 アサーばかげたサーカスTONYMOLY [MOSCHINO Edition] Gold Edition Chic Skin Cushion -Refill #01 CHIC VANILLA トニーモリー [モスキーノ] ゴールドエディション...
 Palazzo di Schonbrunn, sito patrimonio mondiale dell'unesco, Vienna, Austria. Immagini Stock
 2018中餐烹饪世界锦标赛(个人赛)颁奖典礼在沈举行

----------------------------------------

Word for word, copy the listing above in its entirety.

→ Solution
 アサーばかげたサーカスTONYMOLY [MOSCHINO Edition] Gold Edition Chic Skin Cushion -Refill #01 CHIC VANILLA トニーモリー [モスキーノ] ゴールドエディション...
 Palazzo di Schonbrunn, sito patrimonio mondiale dell'unesco, Vienna, Austria. Immagini Stock
 2018中餐烹饪世界锦标赛(个人赛)颁奖典礼在沈举行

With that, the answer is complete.